1. HTRC Data API

The HTRC Data API is a RESTful web service allowing clients to retrieve digital text by providing volume IDs or page IDs.  The Data API is set up to require OAuth2 user authentication for security reasons.

1.1 OAuth2 Authentication

The Data API uses a simple version of the OAuth2 authentication, where a user that is already registered with our OAuth2 server provides the username and password to the OAuth2 server to retrieve a token.  The token is then added to the HTTP request “Authorization” header in subsequent calls to the Data API.  Because the username and password (and later the token) are sent as clear text in the request, the OAuth2 server and Data API requires HTTPS, not HTTP, to prevent eavesdropping.

To send a request to the OAuth2 server, a client sends a “POST” HTTP request to the OAuth2 server endpoint:

https://<oauth2-server>:<port>/oauth2/token?grant_type=client_credentials&client_id=<username>&client_secret=<password>

Make sure the grant_type is set to “client_credentials”.  In addition, the request also requires the following HTTP request header:

content-type: application/x-www-form-urlencoded

as well as a request body that literally says

null

If the authentication is correct, the client receives a 200_OK status code, and the body of the response is a JSON string:

{“expires_in” : “3600”, “access_token” : <authentication_token>}

The expires_in property shows the length of time for which the token is valid in seconds, and the access_token property is the token string that must be added to the HTTP request header for subsequent calls to the Data API (there is one caveat, however.  See the next section for details).

1.2 Request to Data API

The Data API currently supports two resource types: volumes, and pages, with an optional parameter to control how the texts are aggregated.  To get resources, the client sends an HTTP “POST” request to the Data API service.  The request must also have the following HTTP request header:

Content-type: application/x-www-form-urlencoded

1.2.1 Inserting the OAuth2 authentication token

The client adds an HTTP “Authorization” header to the HTTP request as follows:

Authorization: Bearer <authentication_token>

Be sure to prepend the string “Bearer “ (with a space at the end) to the authentication token before setting it to the Authorization header.  The OAuth2 protocol requires it.

1.2.2 Requesting volumes

To request for volumes, set the request URL to:

https://<server>:<port>/data-api/volumes

and the request body to a URL encoded "volumeIDs" parameter string:

volumeIDs=<volumeID_list>

<volumeID_list> := <volumeID> [“|” <volumeID> [“|”...]]

<volumeID> := <prefix>“.”<ID_string>


Example:

volumeIDs=inu.3011012%7Cuc2.ark%3A%2F13960%2Ft2qxv15

The volumeID list consists of one or more HathiTrust proprietary volumeIDs separated by the pipe character “|”.  Each volumeID consists of a prefix, which is used by HathiTrust to identify the originating institution of the volume, followed by a dot symbol “.”, followed by a string ID that is defined by each contributing institution.  The string IDs from different institutions vary greatly, ranging from fixed-length zero-padded numeric IDs, to ARK DOIs containing filesystem unsafe characters such as colons ":" and slashes "/".

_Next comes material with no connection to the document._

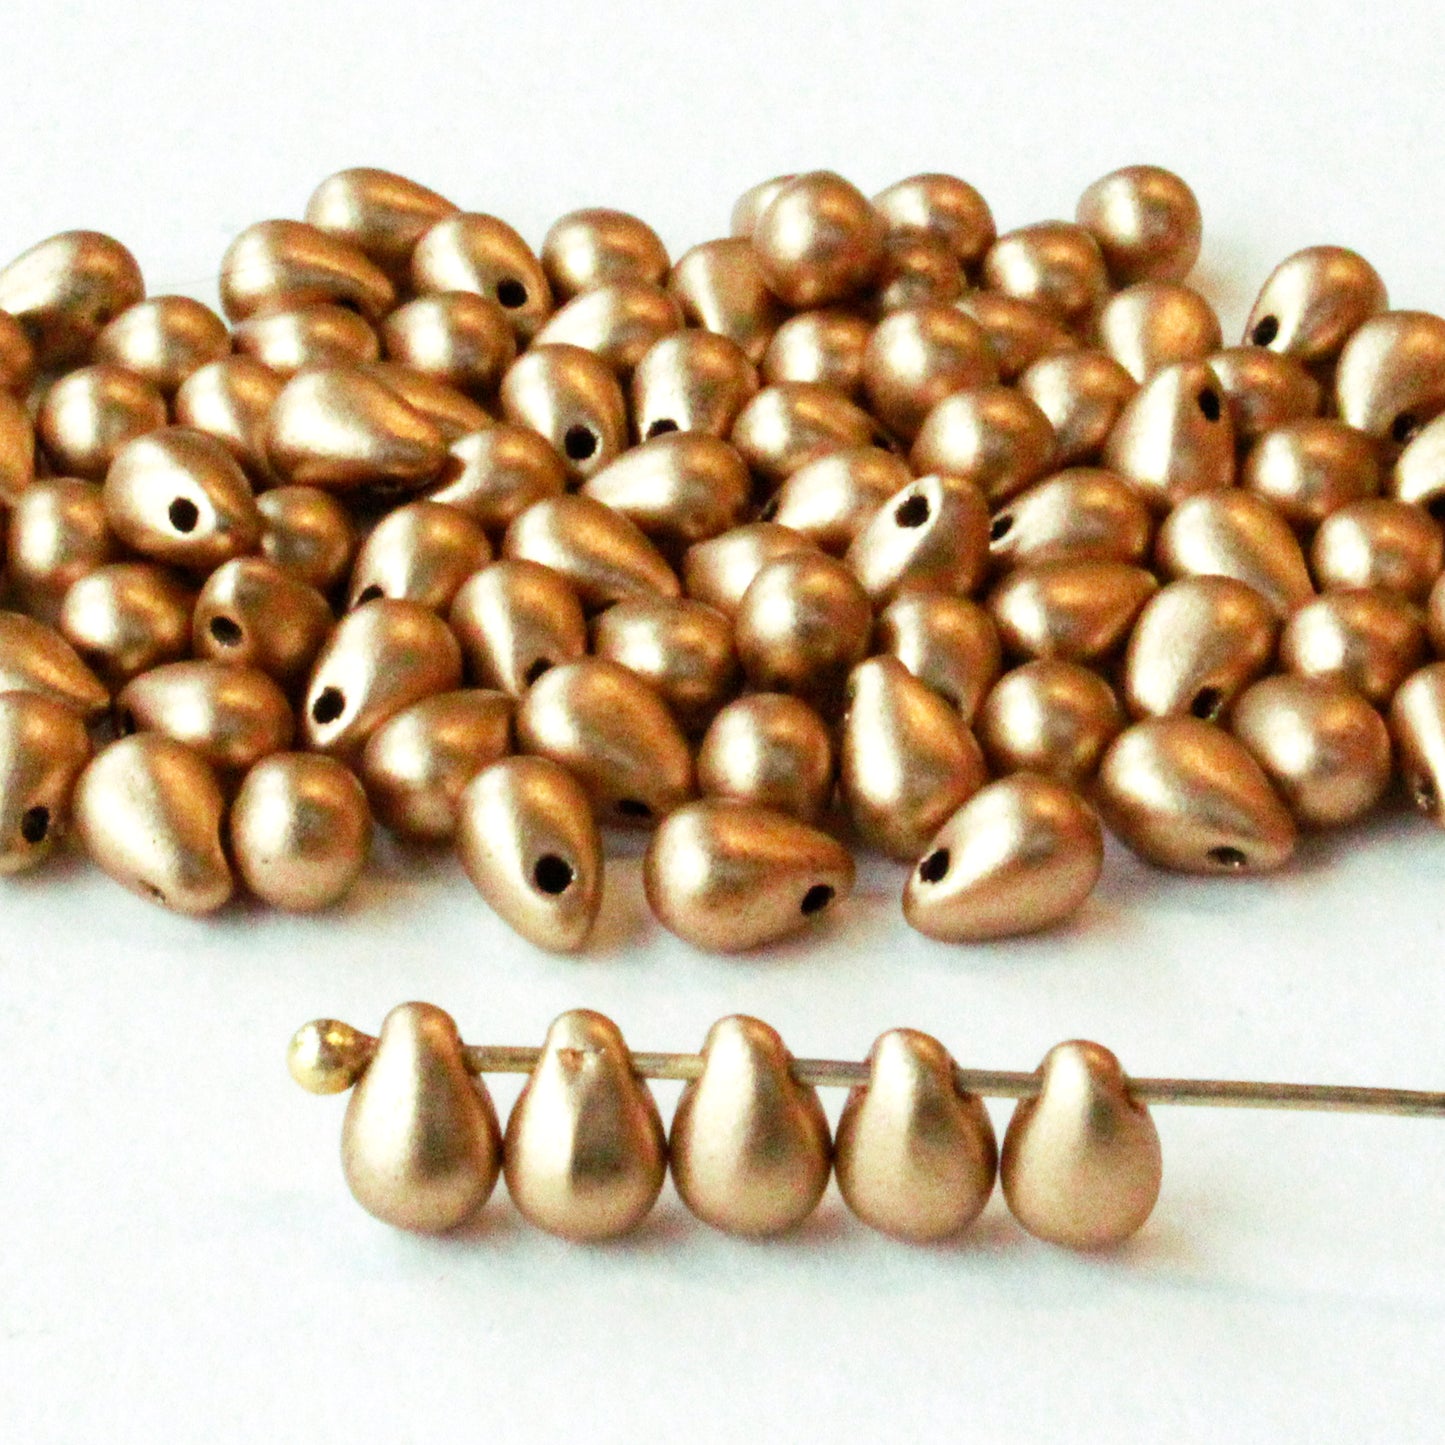 4x6mm Glass Teardrop Beads - Gold Matte - 100 beads

For the purpose of making a request to the Data API, the client can simply view each volumeID as a string, but must perform necessary URL encoding on the volumeID list so it conforms to the application/x-www-form-urlencoded content-type.  For processing the responses from the Data API, the client may find it necessary to separate the prefix and perform some string manipulation on the volumeIDs (please see more details on this in subsection 1.2.3).

The optional parameter “concat” controls whether the pages of a volume should be aggregated, as discussed in section 1.2.3.  If omitted, the default value is false.

1.2.3 Response from volume request

A correct request to the Data API receives a 200_OK status, and the body of the response is a binary ZIP stream, with the MIME type of “application/zip”.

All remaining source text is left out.